This is the beginning of an ongoing series of blog posts on “Managing Big Data”. This series will focus on techniques that Yahoo uses to process large volumes of data, ranging from initial collection of data to the end usage of that data.
Over the last several years there are two important trends that require additional thought when putting together an architecture for a hosted service. At Yahoo!, the ability to analyze and process enormous amounts of data is increasingly important. It’s a foundational layer for improving our consumer experiences and for sharing audience insights with advertisers.
From a technology perspective, the two trends I'd like to focus on are:
1. Batch processing -- the increasing awareness of batch processing and the recent uptick in use of the map/reduce paradigm for that purpose.
2. NoSQL stores – The rise of so called "NoSQL" stores and their use to serve up data to online users (typically inside of the user's request/response cycle).
Both of these trends represent significant advances in the way that hosted systems are developed. But in order to derive the most value for an entire system, developers must think about how these two areas will work together in some holistic manner.
Let's look at a specific scenario to make this more concrete:
Making batch data available to the online system
Let's assume for the moment that you're building a new e-commerce site. And let's assume that one of the significant features of this e-commerce site is to provide user recommendations for which items a user may be interested in purchasing. This overall feature will decompose into batch component (to determine the recommendations to give to a user) and an online component (that will present the recommendations to end user).
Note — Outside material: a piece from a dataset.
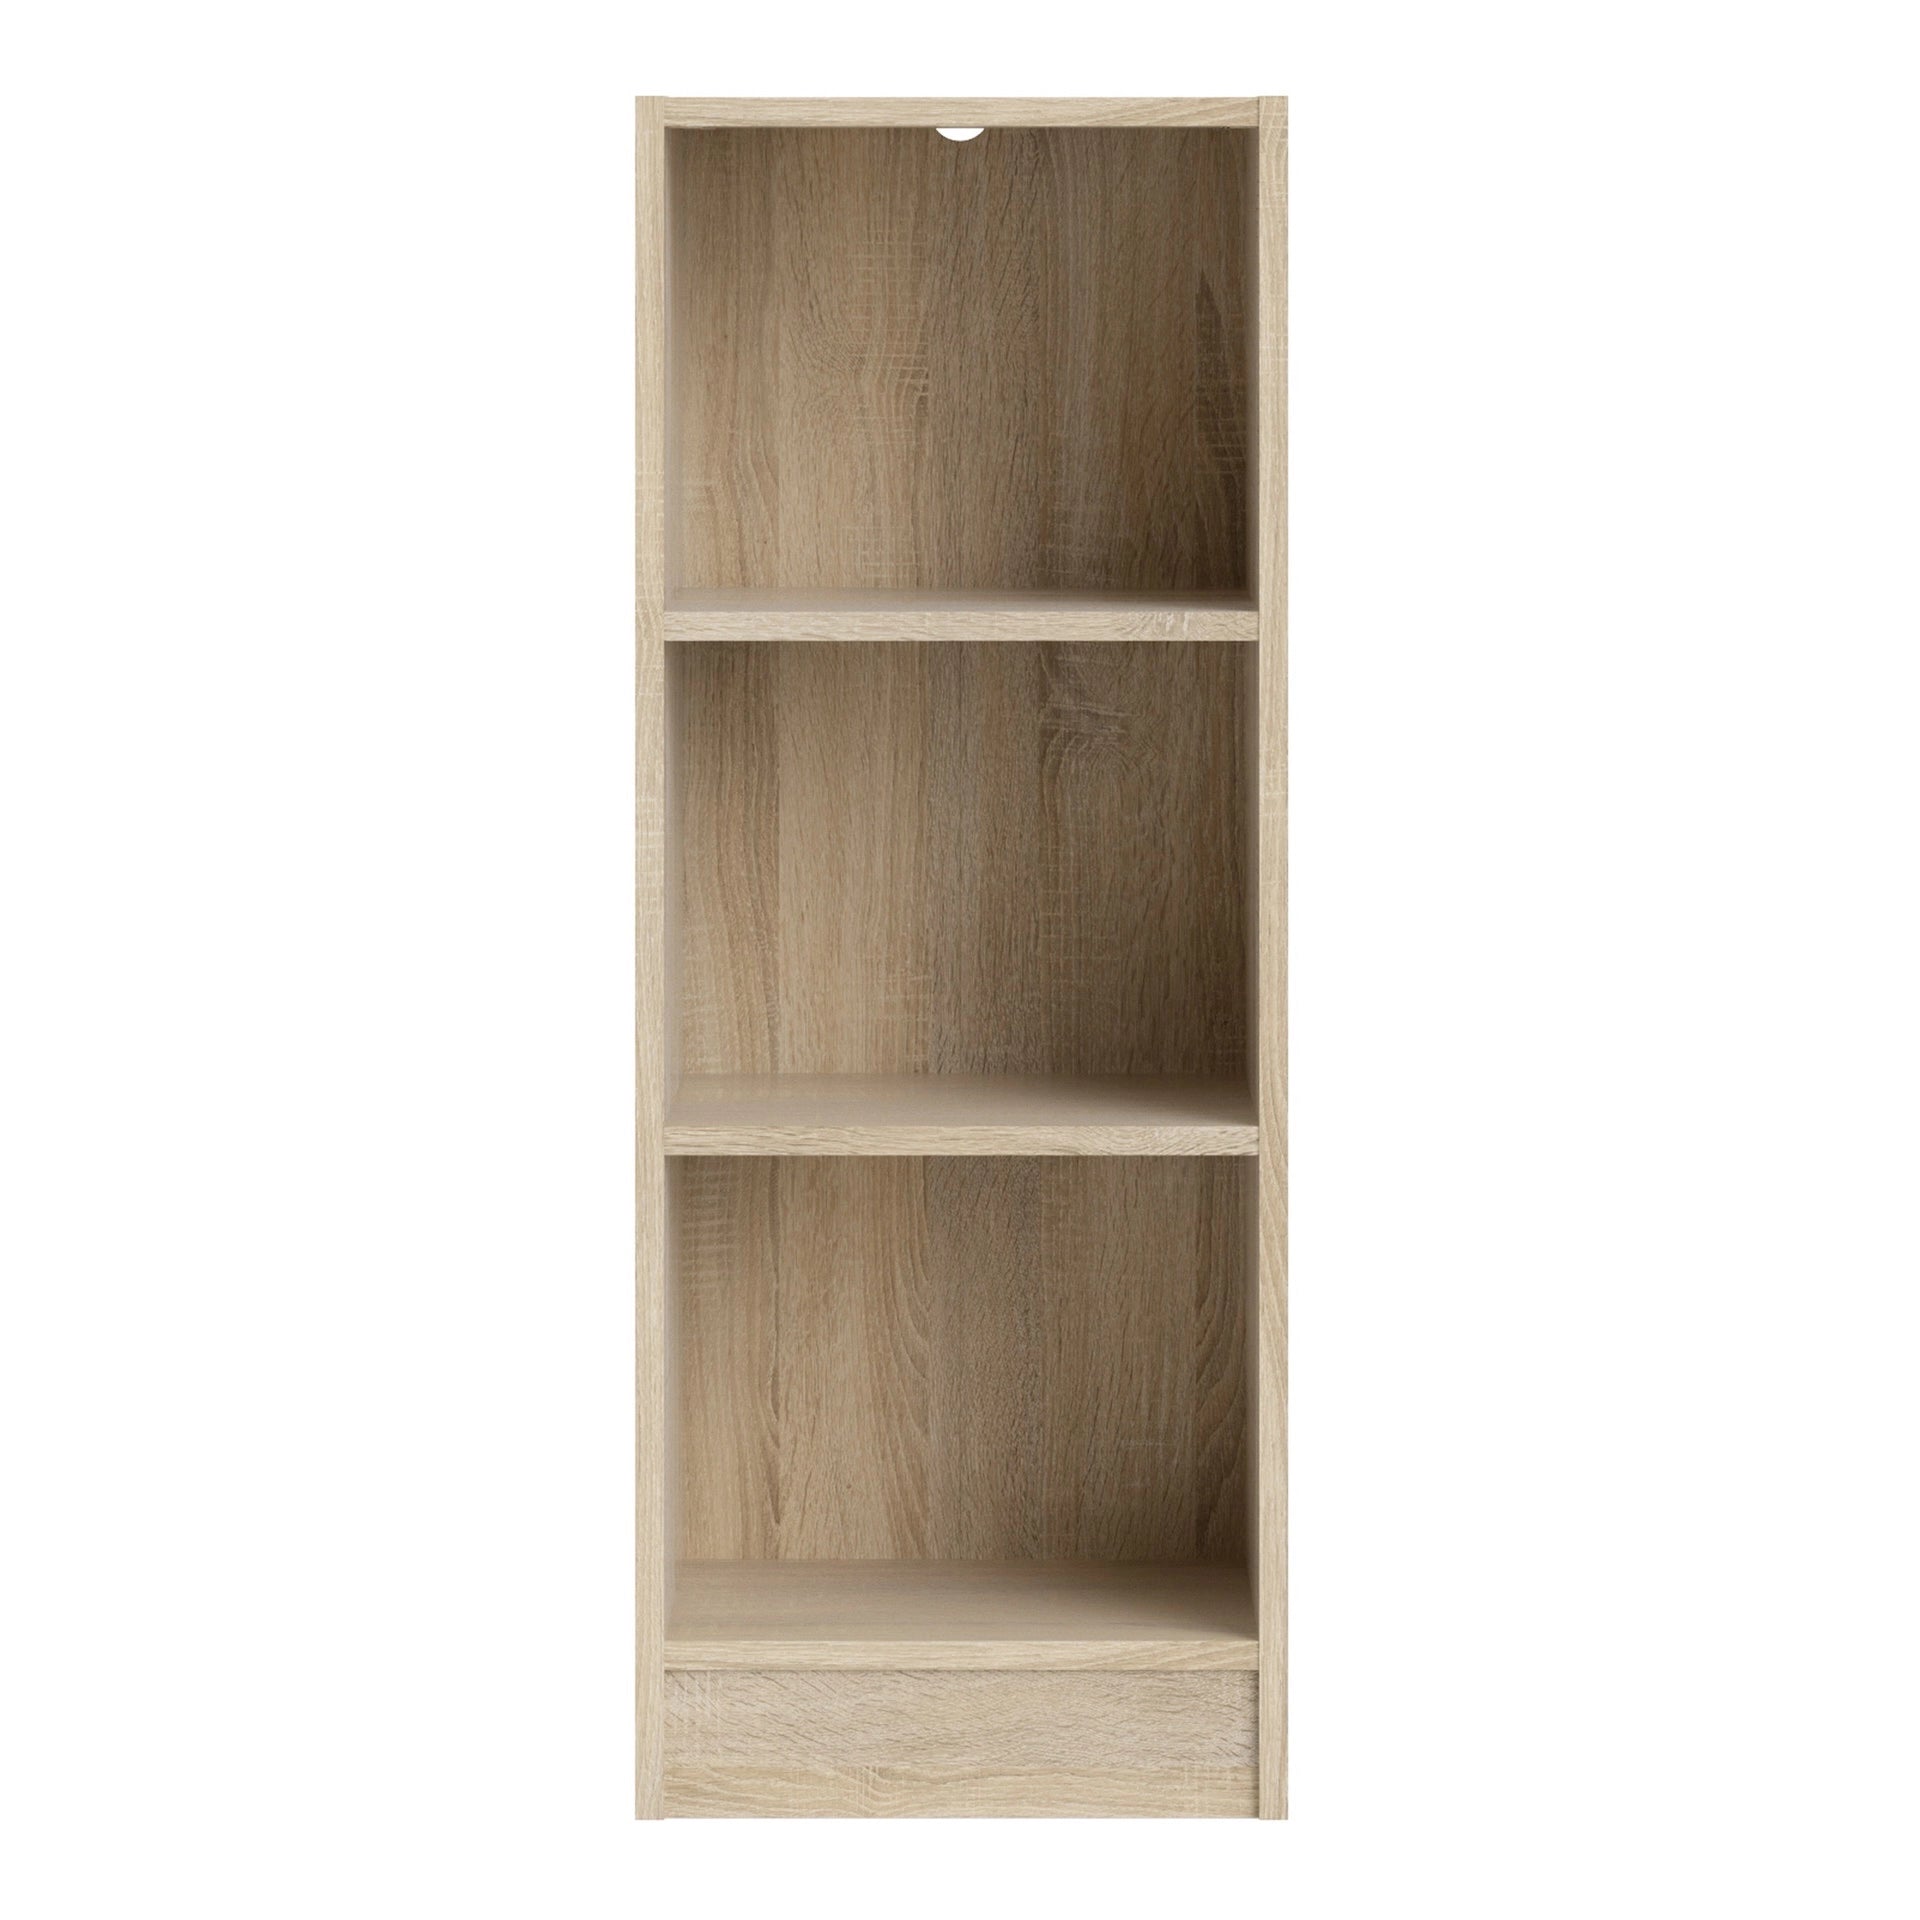 Furniture To Go Basic Low Narrow Bookcase (2 Shelves) in Oak

For the batch system we may choose to use a map/reduce framework like Hadoop . The batch recommendation component will rely on various types of raw event data. Some examples include: the products the end user has viewed, the products they have purchased and types of searches the user has performed, etc. We will create a model using this data; perhaps based on a simple behavior model (e.g. if the user looks at a significant amount of sports equipment than recommend products in the sports equipment category) or a collaborative filtering model (e.g. if other users purchased the same products as this end user, recommend other products that they purchased).
Once we have decided on the data inputs and the model for making recommendations, we'll like produce the output of the batch processing as a set of recommendations for each user on a Hadoop cluster.
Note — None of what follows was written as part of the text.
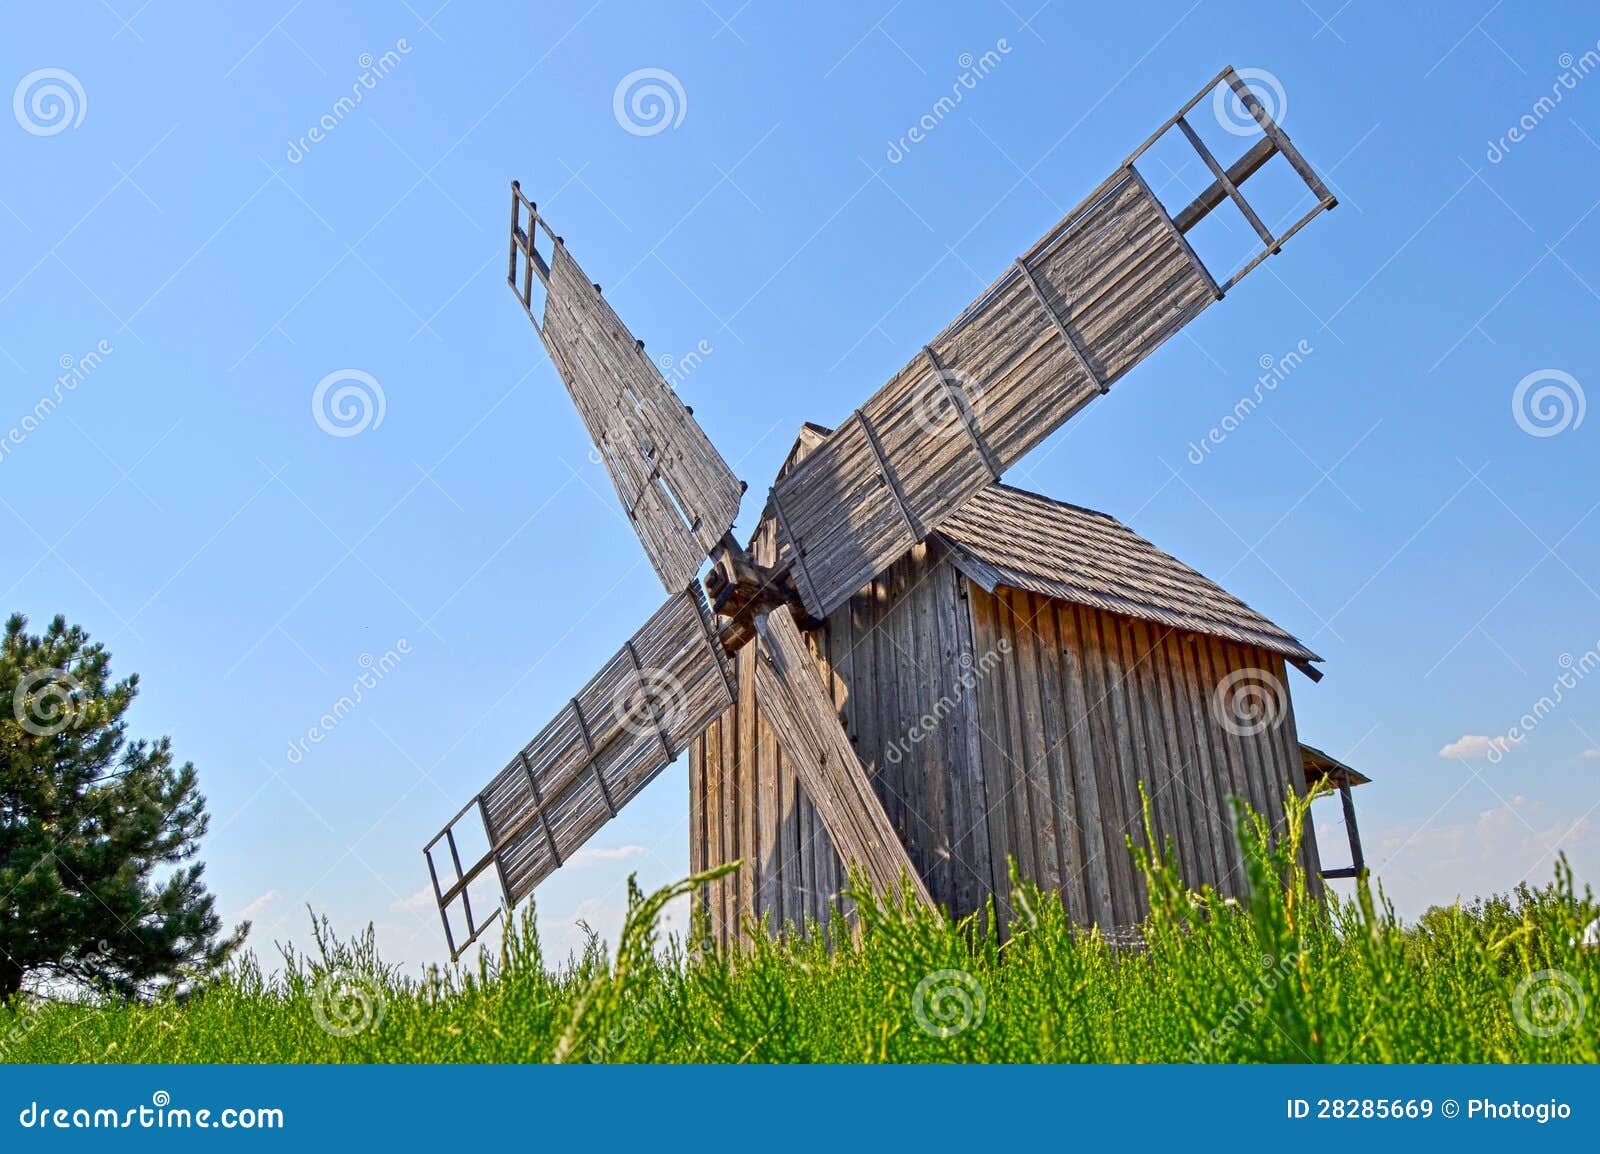 Old Windmill Royalty Free Stock Images - Image: 28285669

There are two approaches we can then make for making the batch data available online in a NoSQL store.
In this approach as part of the batch processing, we will recreate the set of recommendations for all users. It also may be possible to create a native version of the online store format in the batch system. This is generally only possible if there is no scenario where the data (user recommendations for products in this case) is updated in the online store. There must also exist a library to write the into the online store's file format (not all NoSQL stores have such as library).
This approach is attractive for a couple of reasons:
- There should not be any consistency issues between your offline and online representation of the data as you are always creating an entirely new copy of the online data at some interval (for instance once a day).
- This approach should have the least impact of your online store performance if you can perform a "swap" with new data set. How this would work is that the newly created set of recommendations are pushed in the native NoSQL store format to the online stores physical boxes. Once there each of the NoSQL stores are "upgraded" to start using the new copy of the recommendations and stop using the old version.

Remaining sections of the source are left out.